Clearing Cache by Name or Function

# Clear all cache
cache.clear()

# Clear specific key
cache.clear("user:123")

# Clear specific function's cached results
cache.clear(expensive_function)

# Clear multiple items
cache.clear("key1", "key2", my_function)

# Clear with list
cache.clear(["session:abc", "temp:xyz"])

Storage Backends

# SQLite database for metadata and small values
cache = Cache(
    directory="/path/to/cache",
    dbname="my_cache.db",
    sqlite_timeout=60,
    min_file_size=32768  # Store values < 32KB in SQLite, larger as files
)

# Large files stored on disk with appropriate extensions
# Small values stored as BLOBs in SQLite database
# Automatic file/database decision based on size

Eviction Policies

# Least Recently Used (LRU)
cache = Cache(eviction_policy="least-recently-used", size_limit=1024*1024*1024)  # 1GB

# Least Frequently Used (LFU) 
cache = Cache(eviction_policy="least-frequently-used")

# Least Recently Stored
cache = Cache(eviction_policy="least-recently-stored")

# No eviction
cache = Cache(eviction_policy="none")

Pickle Fallback

When native format handlers fail or aren’t available, automatic fallback to pickle:

# Custom object without specific handler
class CustomData:
    def __init__(self, value):
        self.value = value

@cache.asset(expire=3600)
def get_custom_object():
    return CustomData("important_data")

# Automatically falls back to pickle storage
obj = get_custom_object()

Advanced Configuration

cache = Cache(
    directory="/var/cache/myapp",
    dbname="cache.db",
    eviction_policy="least-recently-used",
    size_limit=2**30,  # 1GB total cache size
    cull_limit=100,    # Remove 100 items when culling
    min_file_size=2**15,  # 32KB threshold for file vs database storage
    sqlite_cache_size=8192,  # SQLite page cache
    sqlite_mmap_size=2**26,  # 64MB memory mapping
    asset_handlers=[CustomHandler(), JSONHandler(), PickleHandler()]
)

Implementation code

This is a zero-dependency implementation for disk-based caching with native format support. It includes the Cache class, AssetHandler base class, and various asset handlers for JSON, Parquet, Arrow, Numpy, and Pickle.

import os
import io
import time
import errno
import shutil
import codecs
import pickle
import sqlite3
import hashlib
import tempfile
import threading
import contextlib
import typing as t
import pickletools
from pathlib import Path
from functools import partial, wraps

# Type variables for preserving function signatures
P = t.ParamSpec('P')
T = t.TypeVar('T')

EVICTION_POLICY = {
    "none": {"init": None, "get": None, "cull": None},
    "least-recently-stored": {
        "init": "CREATE INDEX IF NOT EXISTS Cache_store_time ON Cache (store_time)",
        "get": None,
        "cull": "SELECT {fields} FROM Cache ORDER BY store_time LIMIT ?",
    },
    "least-recently-used": {
        "init": "CREATE INDEX IF NOT EXISTS Cache_access_time ON Cache (access_time)",
        "get": "access_time = {now}",
        "cull": "SELECT {fields} FROM Cache ORDER BY access_time LIMIT ?",
    },
    "least-frequently-used": {
        "init": "CREATE INDEX IF NOT EXISTS Cache_access_count ON Cache (access_count)",
        "get": "access_count = access_count + 1",
        "cull": "SELECT {fields} FROM Cache ORDER BY access_count LIMIT ?",
    },
}
MODE_NONE = 0
MODE_RAW = 1
MODE_BINARY = 2
MODE_TEXT = 3
MODE_PICKLE = 4


class AssetHandler:
    """Base class for asset format handlers.
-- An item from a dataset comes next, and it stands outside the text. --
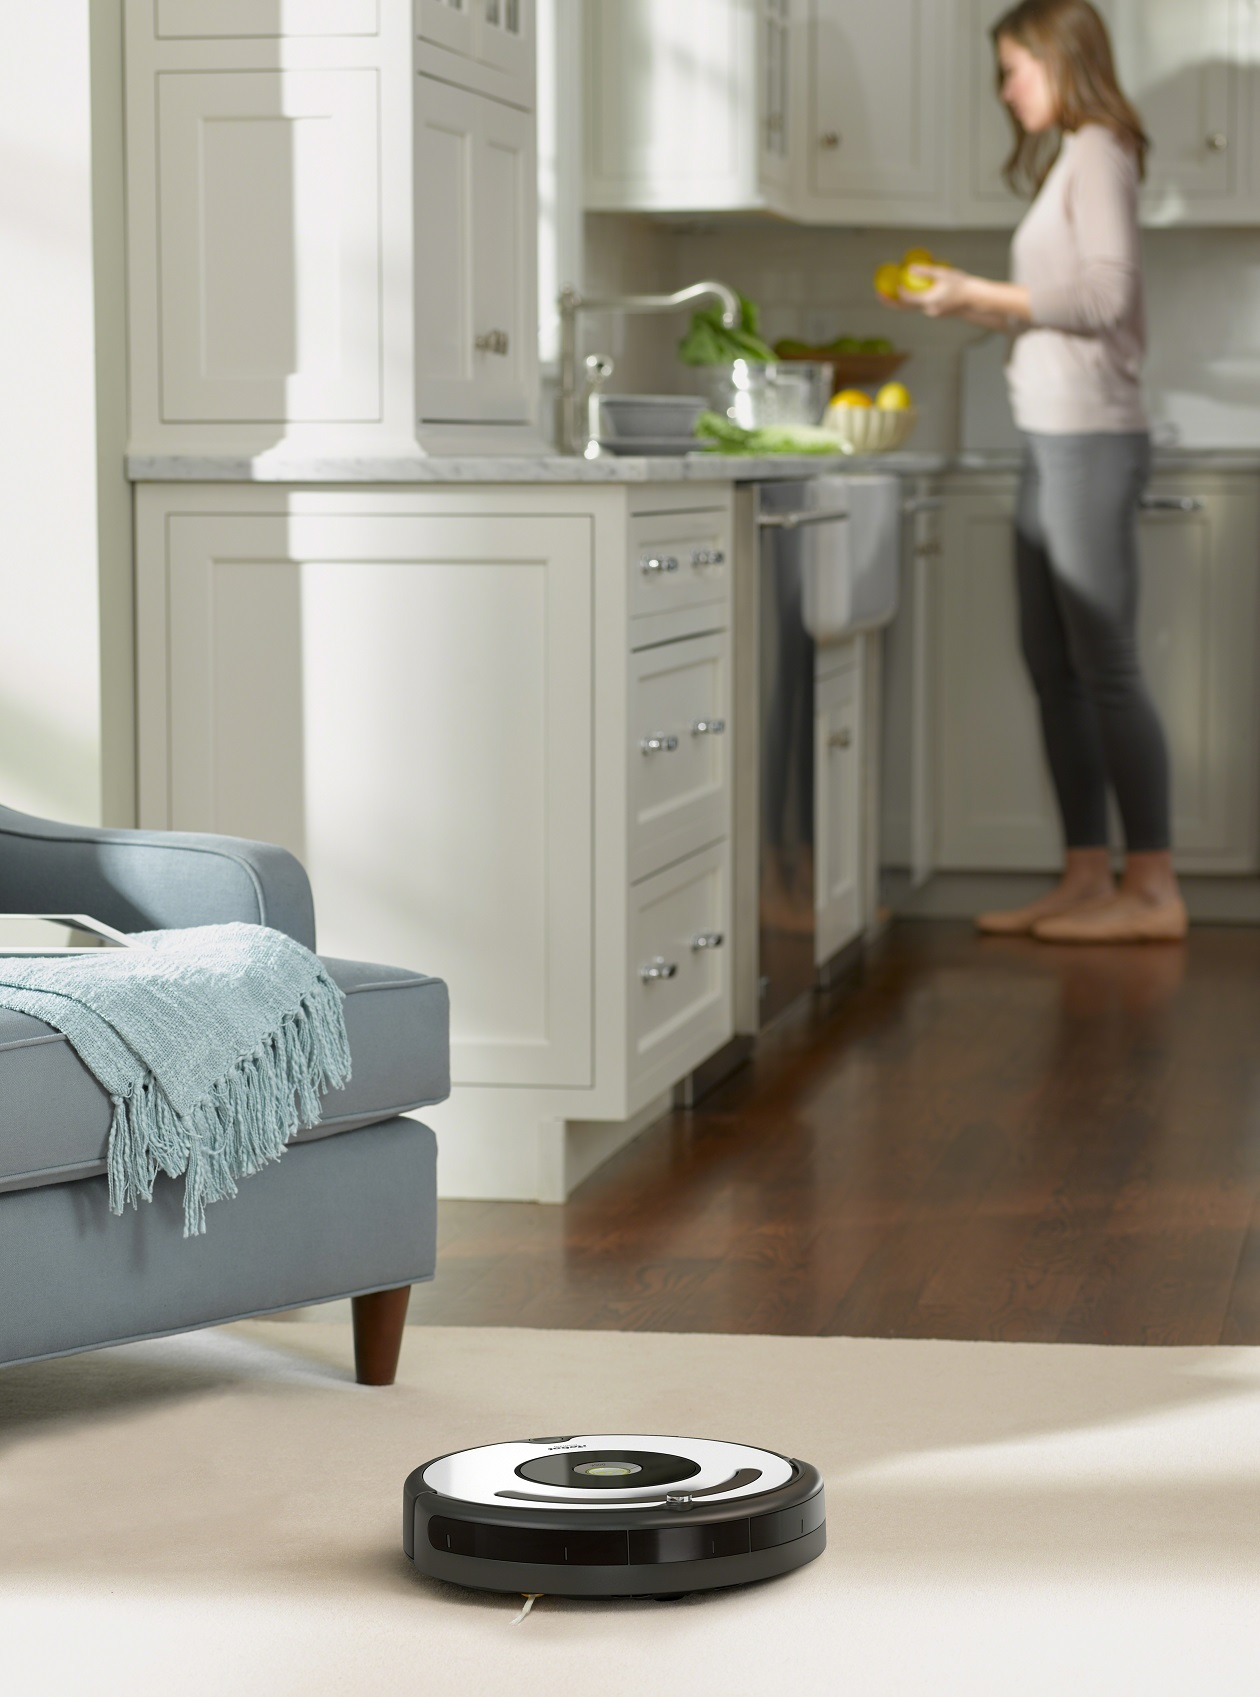 iRobot Roomba 605 robotický vysavaè

    Subclasses should override format_name, can_handle, save, and load methods.
    """

    format_name: str = "base"

    def can_handle(self, data: t.Any) -> bool:
        """Check if this handler can process the given data.

        Args:
            data: The data to check

        Returns:
            bool: True if this handler can process the data
        """
        raise NotImplementedError

    def save(self, data: t.Any, path: str) -> None:
        """Save data to file.

        Args:
            data: The data to save
            path: The file path to save to
        """
        raise NotImplementedError

    def load(self, path: str) -> t.Any:
        """Load data from file.

        Args:
            path: The file path to load from

        Returns:
            The loaded data
        """
        raise NotImplementedError

    def is_available(self) -> bool:
        """Check if required dependencies are available.

        Returns:
            bool: True if all dependencies are available
        """
        return True


class PickleHandler(AssetHandler):
    """Default pickle handler for any Python object."""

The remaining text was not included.